Thanks to Google for honoring one of our favorite composers!


----------



## kv466 (May 18, 2011)

Very nice, indeed. All these moon pieces, so popular.


----------



## Vesteralen (Jul 14, 2011)

Celloman said:


> Well, Wagner didn't get his Google tribute this year


Ooooo....let's have another Wagner thread!


----------



## Cosmos (Jun 28, 2013)

I was pleasantly surprised. I saw the play option and wondered what it could be. Then Clair de Lune played and I realized it was Debussy's birthday. Great job, Google!


----------



## nightscape (Jun 22, 2013)

kv466 said:


> All these moon pieces, so popular.


Faure's _Clair de Lune_ is also quite lovely.
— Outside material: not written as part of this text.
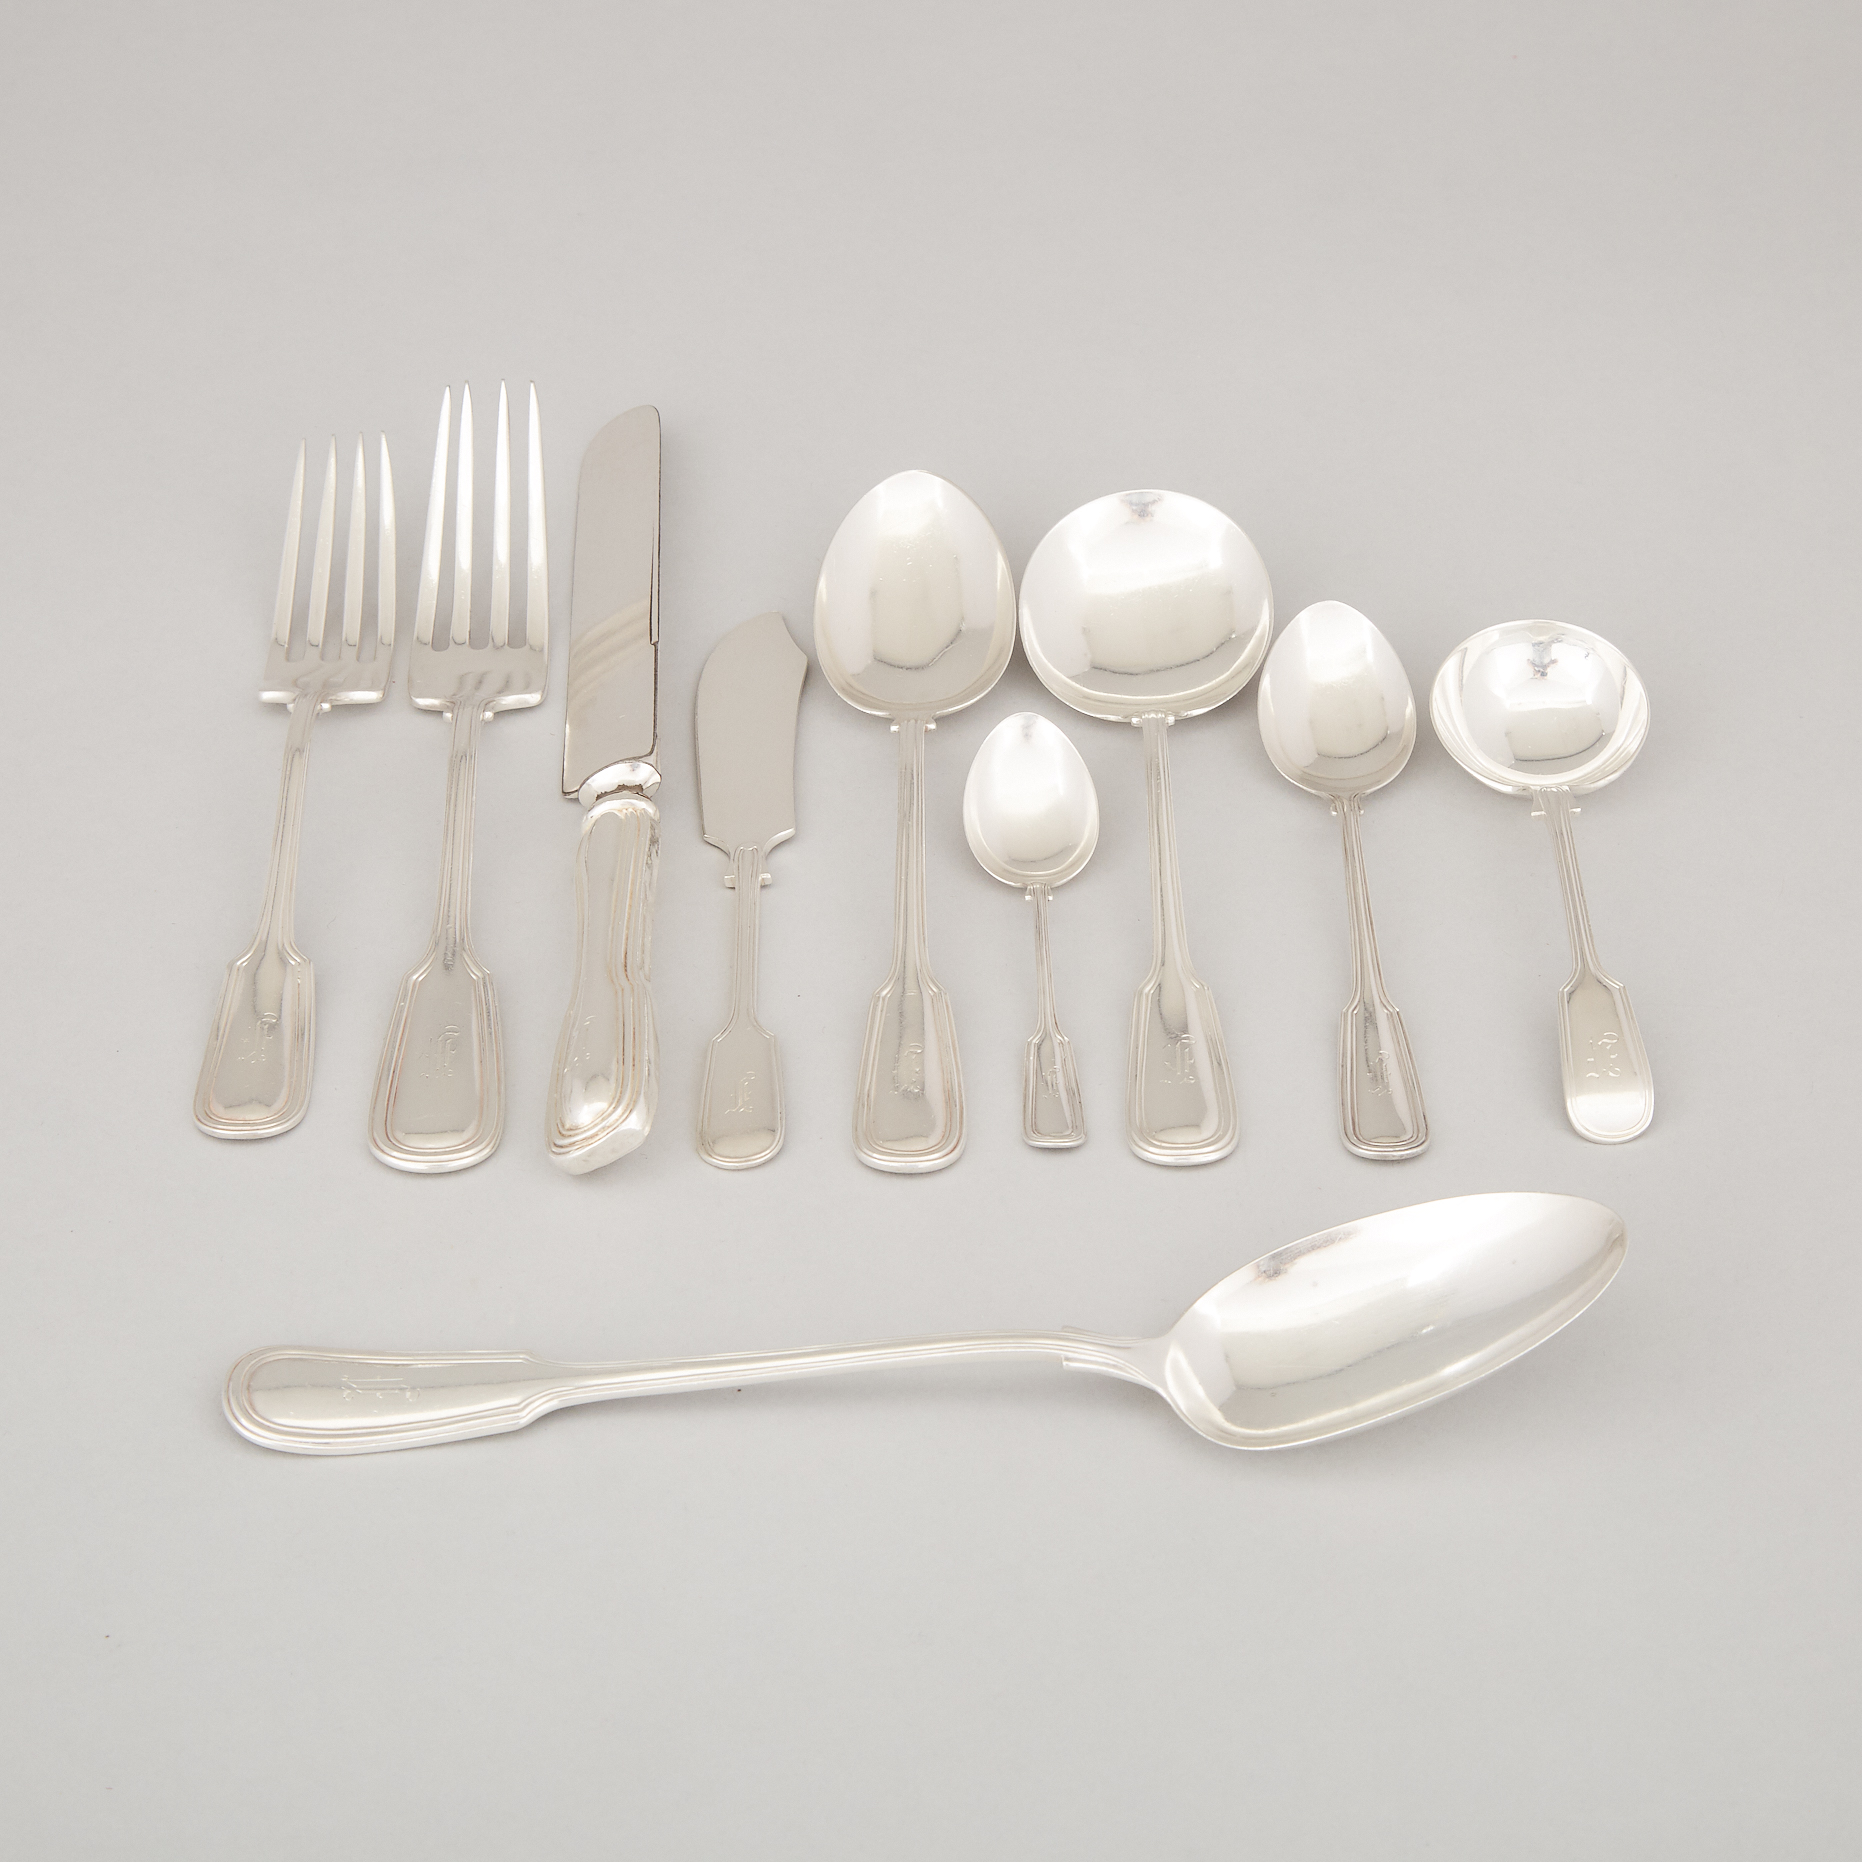 Canadian and English Silver Fiddle and Thread Pattern Flatware, J.E. Ellis & Co., Toronto, Ont. and Harrison Bros. & Howson of Sheffield for Birks-Ellis,  20th century

Check out Véronique Gens' version.


----------



## poptart (Jul 15, 2013)

Wow! 

Thanks for posting about this, Celloman, or I would have missed it.


----------



## brianvds (May 1, 2013)

I can assure you, I do not turn into a werewolf when I see Google's tribute to Debussy's Clair de looooo..ooo...ow..ow..!!!


----------



## Guest (Aug 22, 2013)

Vesteralen said:


> Ooooo....let's have another Wagner thread!


I'm thinking a poll regarding the opinions of the recent Wagner threads.


----------



## Celloman (Sep 30, 2006)

Now they need to do a Google page for Albrechtsberger.

:lol:


----------



## Weston (Jul 11, 2008)

I saw the graphic but couldn't figure out what it was. Scrolling over it didn't work.


----------



## Celloman (Sep 30, 2006)

I love how the windows actually turn on and off to the music. They really thought through this one, it definitely shows.


----------